Room: Karl Dean Ballroom C
Purpose: Deep learning has demonstrated its tremendous power in organ segmentation. It uses a network to directly map an input image to an organ mask. However, success has been mainly achieved in organs with a relatively simple shape. When it comes to sigmoid colon segmentation, the method encounters difficulties. Due to complex 3d morphology, sigmoid can appear at different regions in a CT slice. The large inter-patient variation of shape and appearance poses further challenges. A human typically segments sigmoid in a slice-by-slice fashion. Contour in the slice is determined based on the information in the neighboring slices. Motivated by this fact, we develop an iterative deep-learning approach that mimics a human’s thought to segment sigmoid colon.
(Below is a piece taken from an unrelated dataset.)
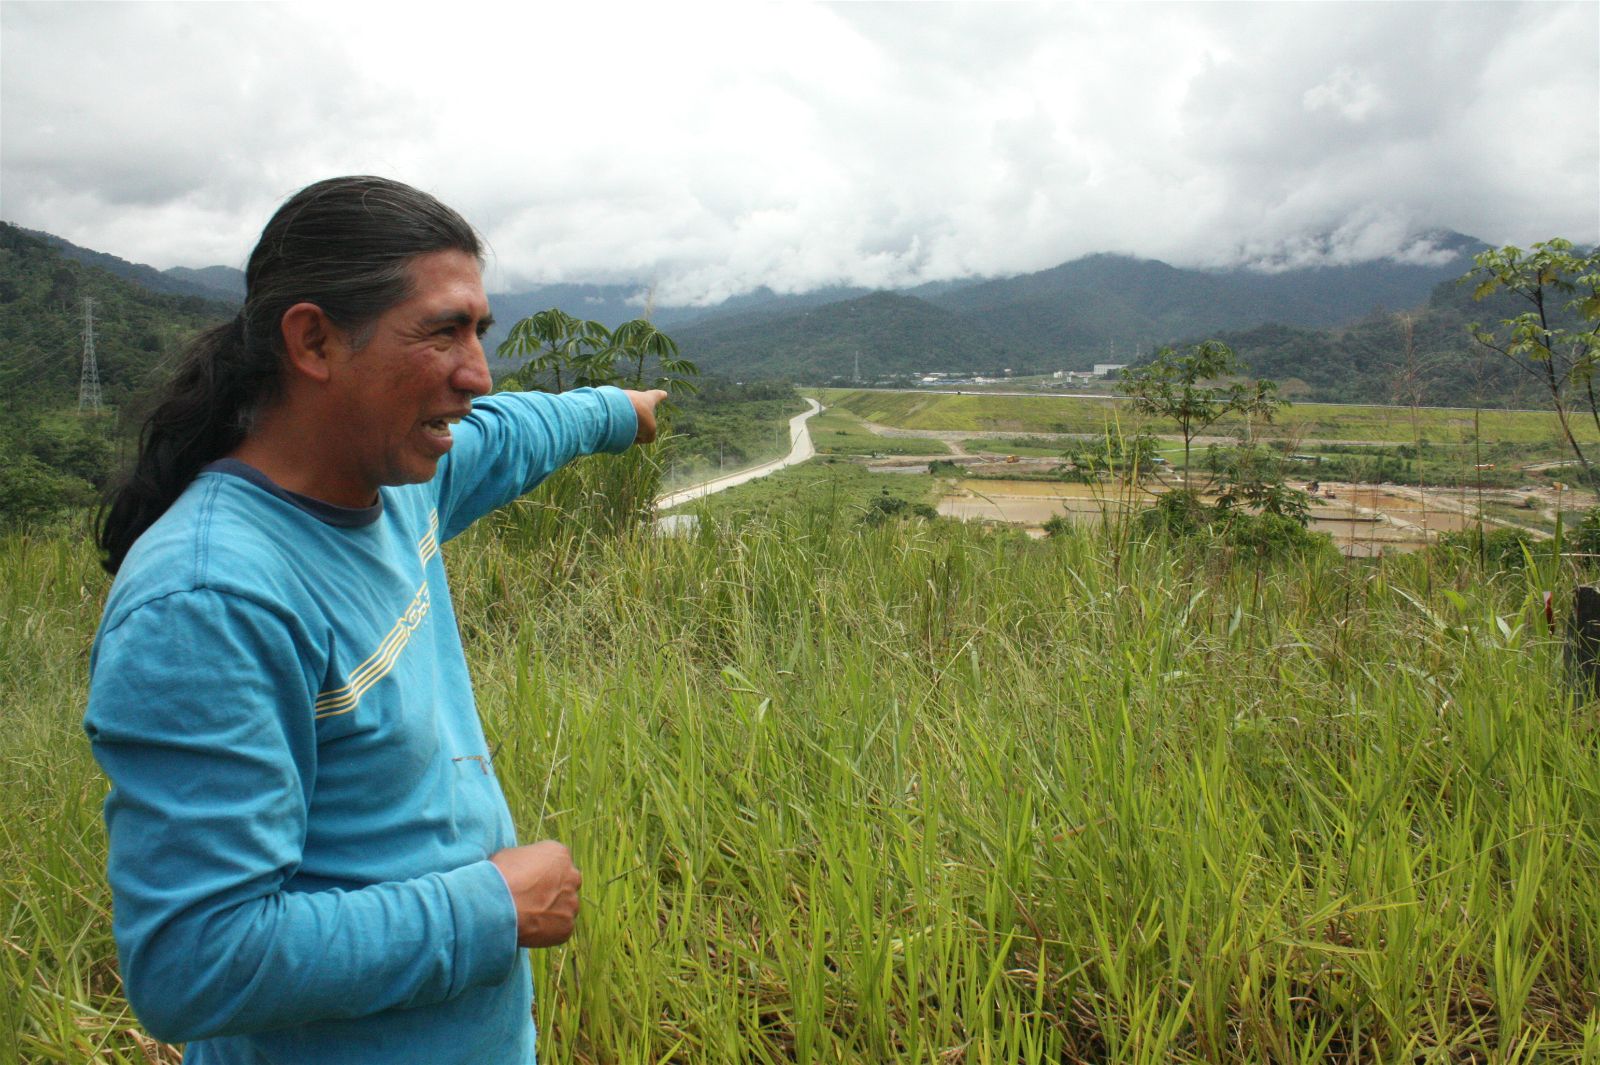 Luis Sánchez Shiminaycela points to the construction works near the house he was evicted from. Image by Andrés Bermúdez Liévano. Ecuador, 2019.

Methods: The main idea of our approach is to develop a network that takes a CT slice, sigmoid contour on this slice, and the neighboring CT slice as input and predict sigmoid contour on the neighboring CT slice. We employed a U-net structure trained with data from six patient cases. To prevent over-fitting in train session, we made 72500 training data sets via data augmentation through image translation, rotation, and scaling. After the network was trained, we tested it in two patient cases that were not included in training. We started the segmentation with an initial sigmoid contour drawn at a CT slice separating rectum and sigmoid. We then sequentially loop through CT slices inferior-to-superior direction and then superior-to-inferior direction with multiple rounds. This looping captures the entire sigmoid despite its complex morphology.
Results: In the train stage, dice similarity coefficient (DSC) was >0.94 after 30 epochs. In the test data, the sigmoid was successfully segmented with DSC of 0.86.
Conclusion: We developed a novel iterative deep learning approach to enable accurate segmentation of sigmoid colon with a complex morphology.